Recorded data.
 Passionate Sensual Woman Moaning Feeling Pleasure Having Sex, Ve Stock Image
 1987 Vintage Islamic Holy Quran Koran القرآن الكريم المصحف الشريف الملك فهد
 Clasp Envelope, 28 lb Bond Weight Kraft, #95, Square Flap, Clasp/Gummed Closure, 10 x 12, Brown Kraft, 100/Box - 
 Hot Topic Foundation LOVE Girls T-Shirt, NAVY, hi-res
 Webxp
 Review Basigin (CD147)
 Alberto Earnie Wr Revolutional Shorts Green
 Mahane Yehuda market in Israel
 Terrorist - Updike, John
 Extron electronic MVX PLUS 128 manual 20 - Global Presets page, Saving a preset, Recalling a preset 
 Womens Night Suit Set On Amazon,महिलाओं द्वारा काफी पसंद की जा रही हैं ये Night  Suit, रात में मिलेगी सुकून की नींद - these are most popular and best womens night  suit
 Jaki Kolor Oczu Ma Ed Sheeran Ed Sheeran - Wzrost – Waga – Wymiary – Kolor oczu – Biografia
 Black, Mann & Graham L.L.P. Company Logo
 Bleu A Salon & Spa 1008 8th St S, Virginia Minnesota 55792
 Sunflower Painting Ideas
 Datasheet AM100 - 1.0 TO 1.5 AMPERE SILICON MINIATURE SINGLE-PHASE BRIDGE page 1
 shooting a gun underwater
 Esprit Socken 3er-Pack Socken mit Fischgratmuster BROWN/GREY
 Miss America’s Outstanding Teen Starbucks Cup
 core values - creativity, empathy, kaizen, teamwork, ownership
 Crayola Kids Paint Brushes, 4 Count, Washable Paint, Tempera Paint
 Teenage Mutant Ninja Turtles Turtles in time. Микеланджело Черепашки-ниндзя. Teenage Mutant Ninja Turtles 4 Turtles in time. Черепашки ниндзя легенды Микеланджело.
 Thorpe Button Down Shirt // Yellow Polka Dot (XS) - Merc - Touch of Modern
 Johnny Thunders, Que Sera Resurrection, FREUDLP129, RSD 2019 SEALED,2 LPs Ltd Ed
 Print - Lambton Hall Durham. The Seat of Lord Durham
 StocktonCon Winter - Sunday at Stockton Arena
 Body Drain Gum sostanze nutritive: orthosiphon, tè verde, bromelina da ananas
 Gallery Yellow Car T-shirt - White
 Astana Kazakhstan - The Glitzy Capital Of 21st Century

Problem requirements. Repeat exactly, and only, the lines from the line containing "Bleu A Salon" through the last line of the records above, both included.

Answer for this exercise.
 Bleu A Salon & Spa 1008 8th St S, Virginia Minnesota 55792
 Sunflower Painting Ideas
 Datasheet AM100 - 1.0 TO 1.5 AMPERE SILICON MINIATURE SINGLE-PHASE BRIDGE page 1
 shooting a gun underwater
 Esprit Socken 3er-Pack Socken mit Fischgratmuster BROWN/GREY
 Miss America’s Outstanding Teen Starbucks Cup
 core values - creativity, empathy, kaizen, teamwork, ownership
 Crayola Kids Paint Brushes, 4 Count, Washable Paint, Tempera Paint
 Teenage Mutant Ninja Turtles Turtles in time. Микеланджело Черепашки-ниндзя. Teenage Mutant Ninja Turtles 4 Turtles in time. Черепашки ниндзя легенды Микеланджело.
 Thorpe Button Down Shirt // Yellow Polka Dot (XS) - Merc - Touch of Modern
 Johnny Thunders, Que Sera Resurrection, FREUDLP129, RSD 2019 SEALED,2 LPs Ltd Ed
 Print - Lambton Hall Durham. The Seat of Lord Durham
 StocktonCon Winter - Sunday at Stockton Arena
 Body Drain Gum sostanze nutritive: orthosiphon, tè verde, bromelina da ananas
 Gallery Yellow Car T-shirt - White
 Astana Kazakhstan - The Glitzy Capital Of 21st Century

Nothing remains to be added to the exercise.